## DESCRIPTION OF THE TASK:
The answer is the data below, repeated exactly, with no pictures included.

## DATA BLOCK:
──────────

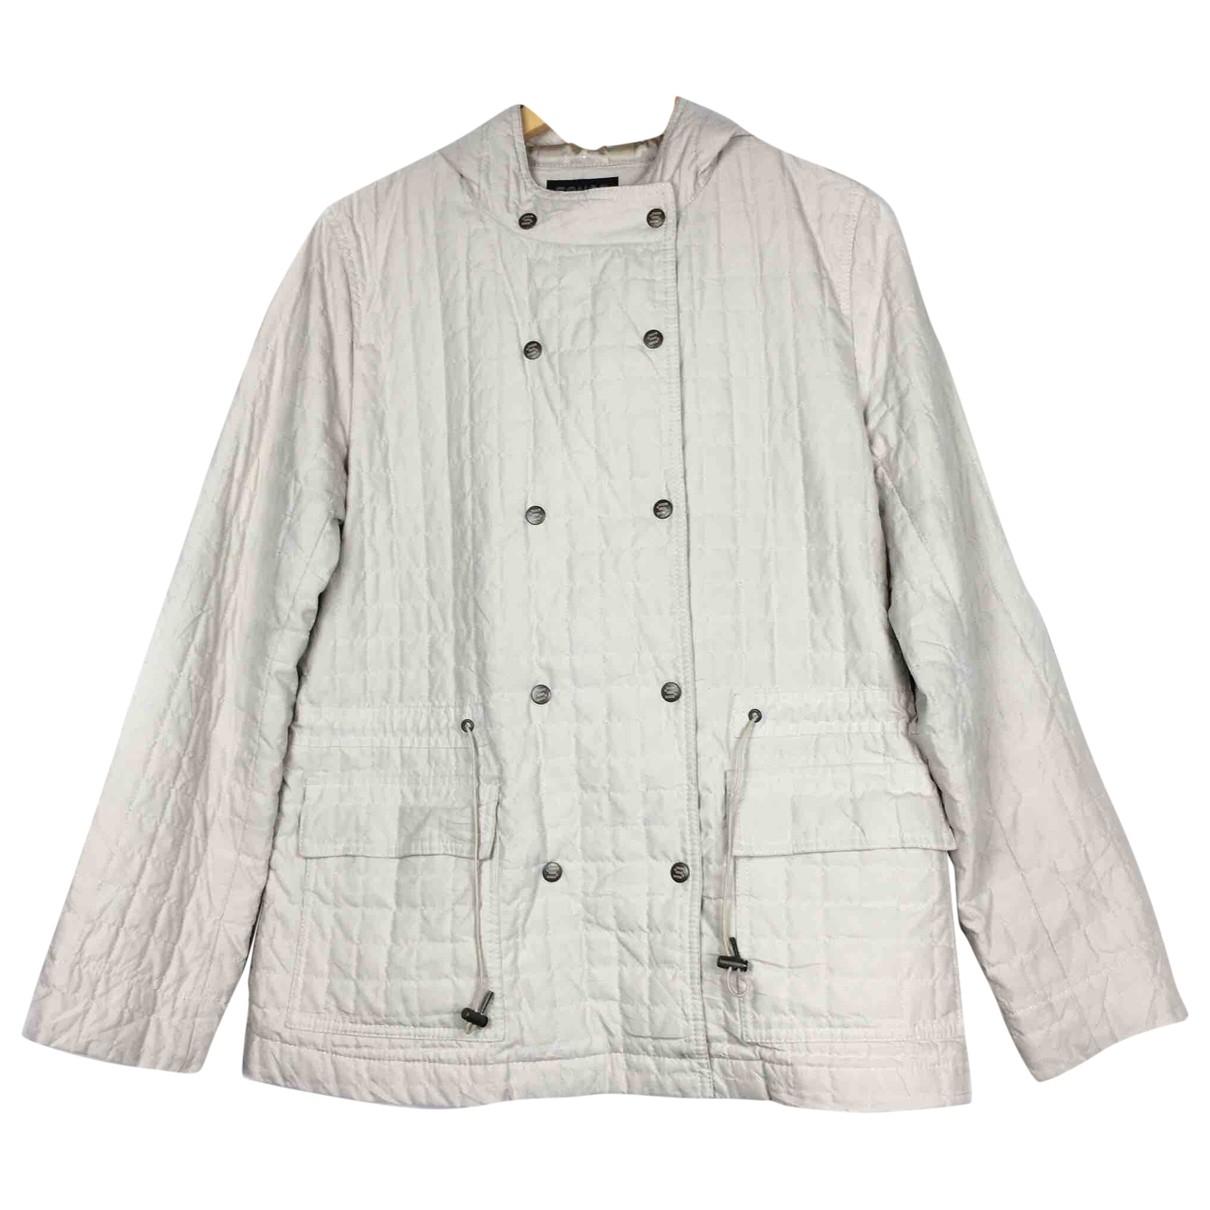 Sonia By Sonia Rykiel \N Beige jacket for Women 40 FR
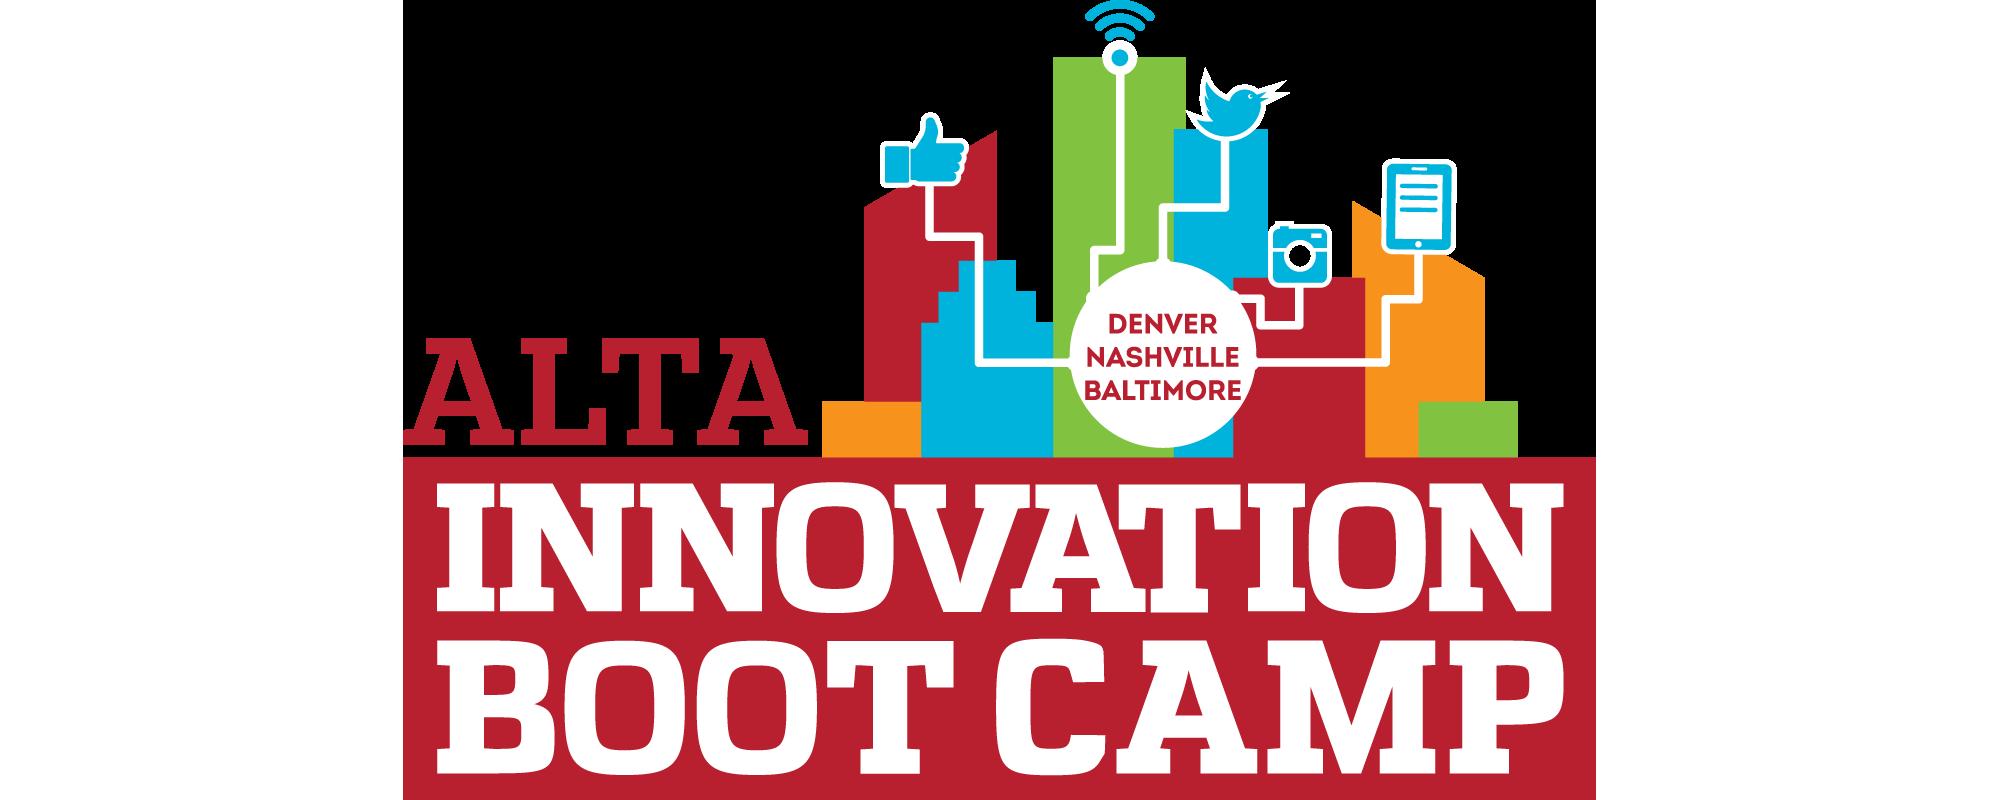 ALTA Innovation Bootcamp
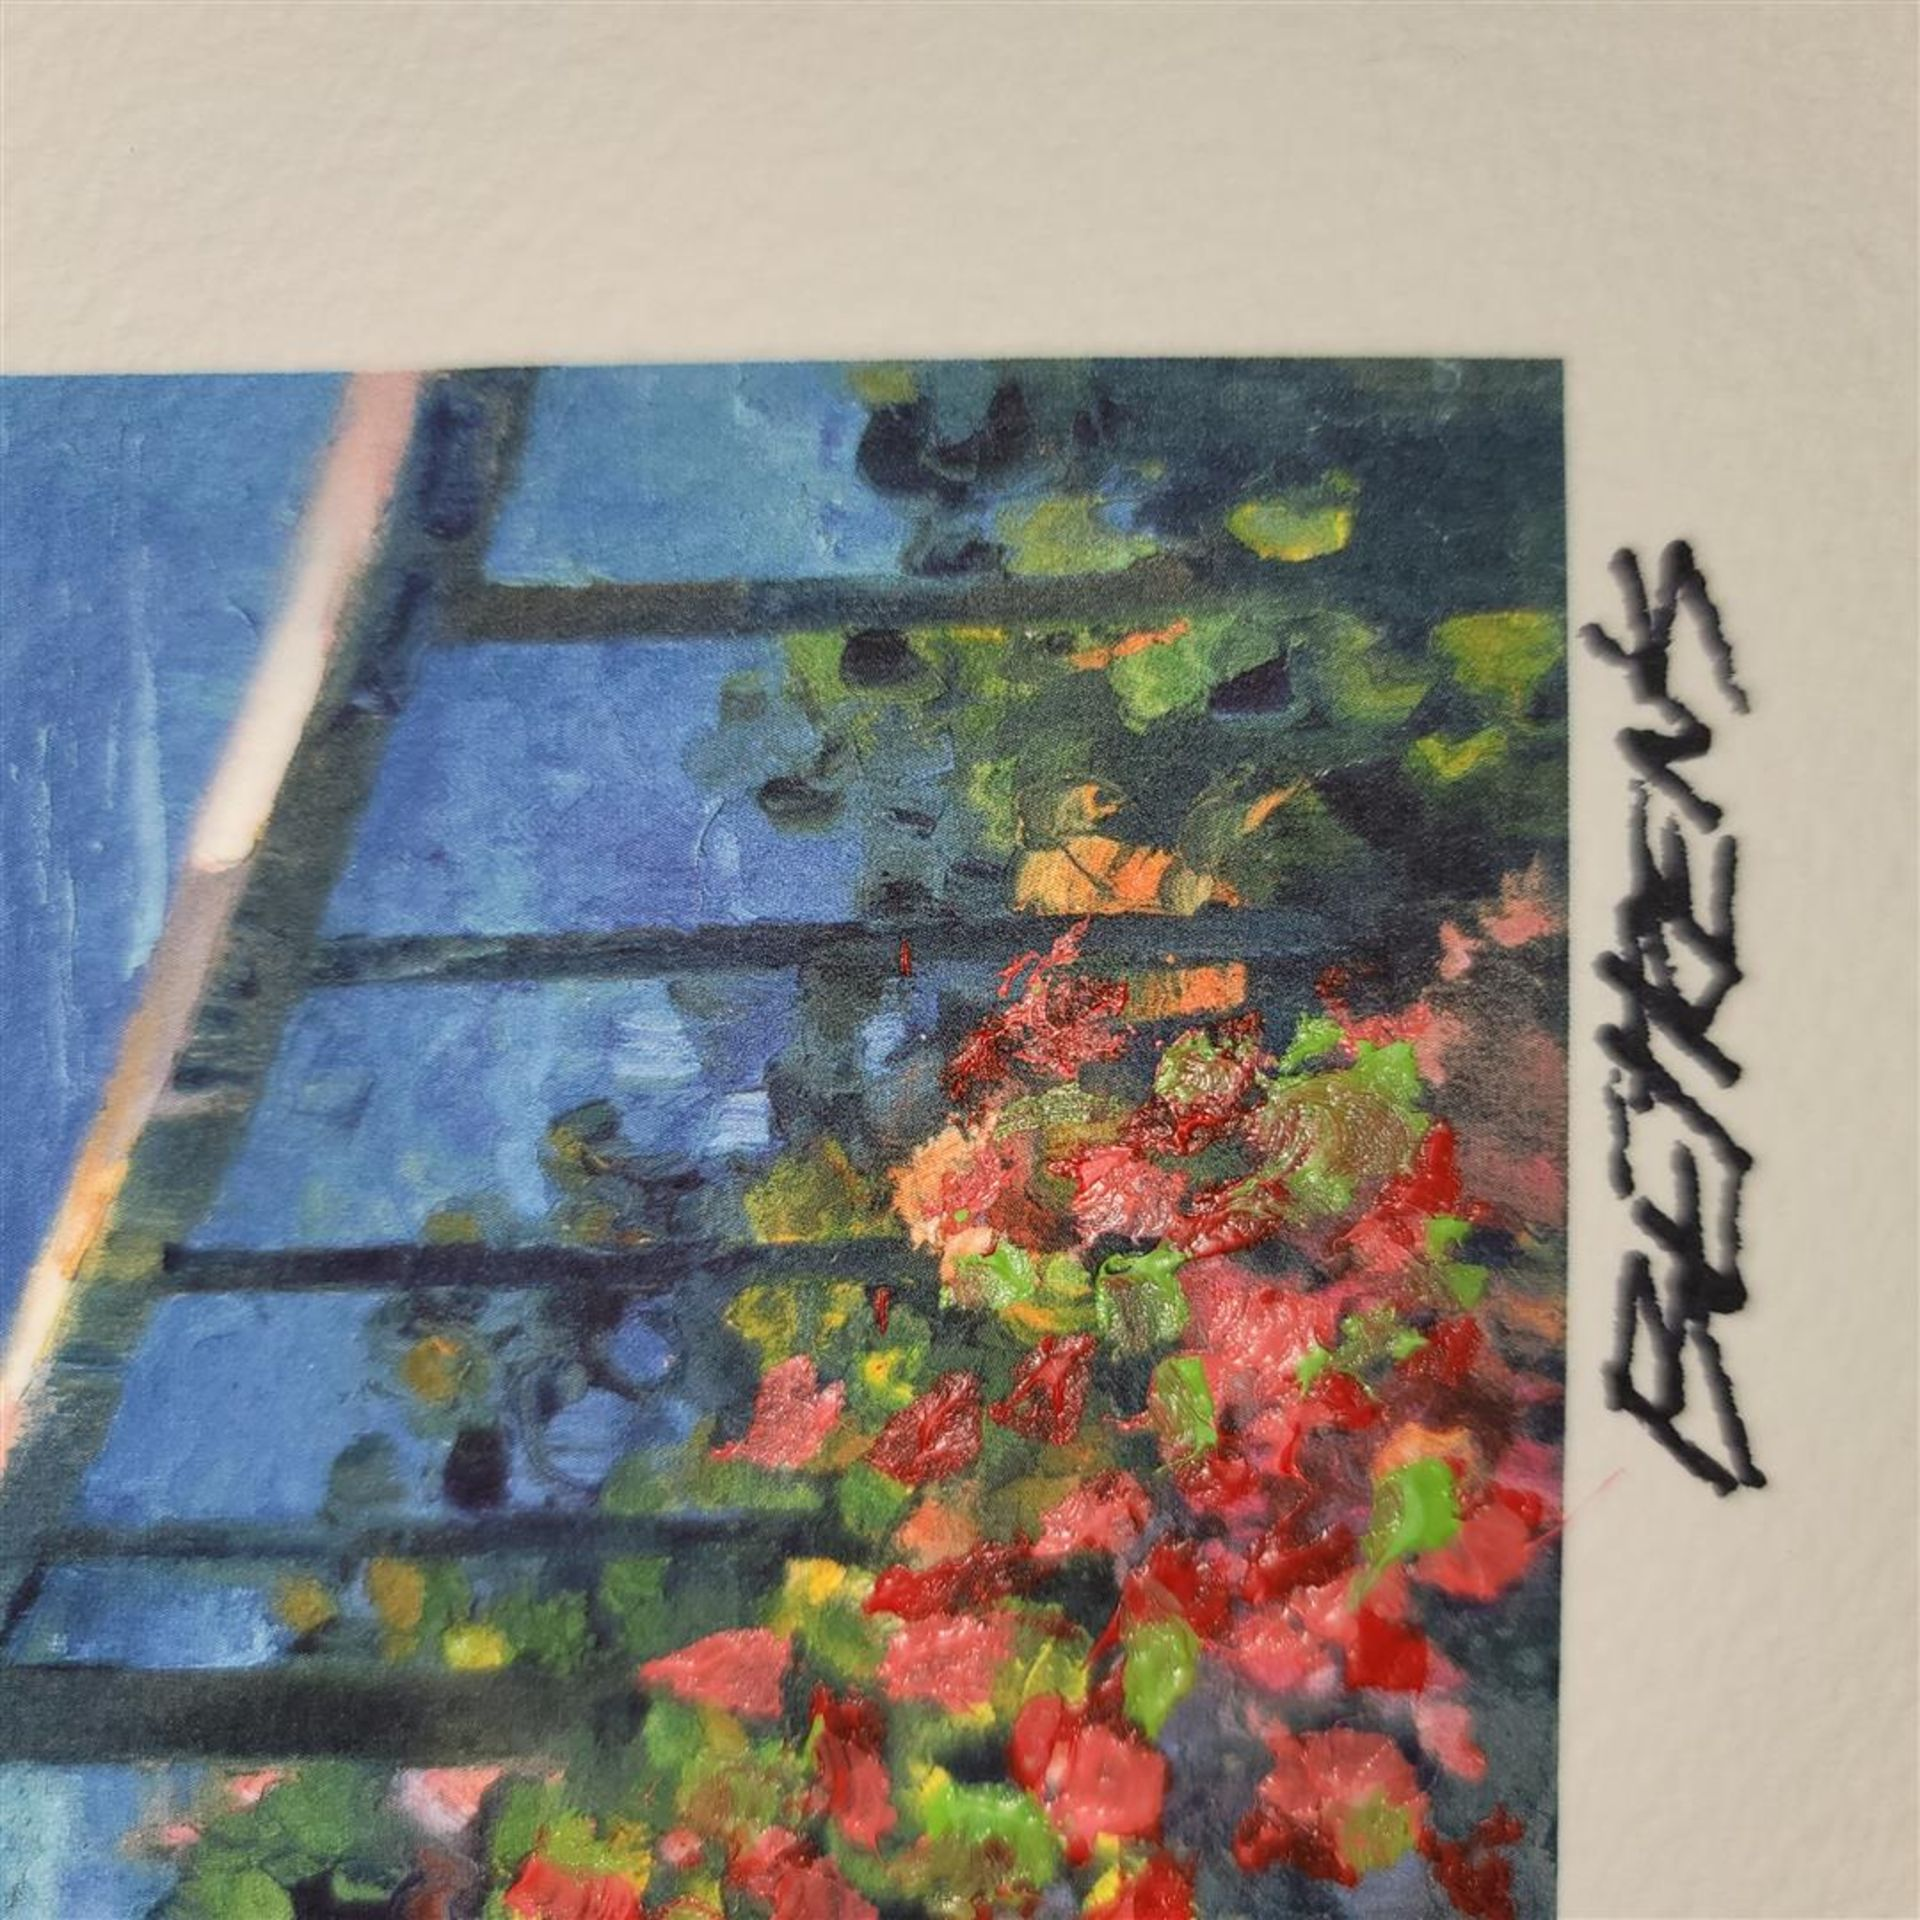 """Sunlit Stroll"" by Howard Behrens - Signed, Numbered, & Embellished - Image 2 of 4"

──────────

## RESPONSE TO THE EXERCISE:
 Sonia By Sonia Rykiel \N Beige jacket for Women 40 FR
 ALTA Innovation Bootcamp
 """Sunlit Stroll"" by Howard Behrens - Signed, Numbered, & Embellished - Image 2 of 4"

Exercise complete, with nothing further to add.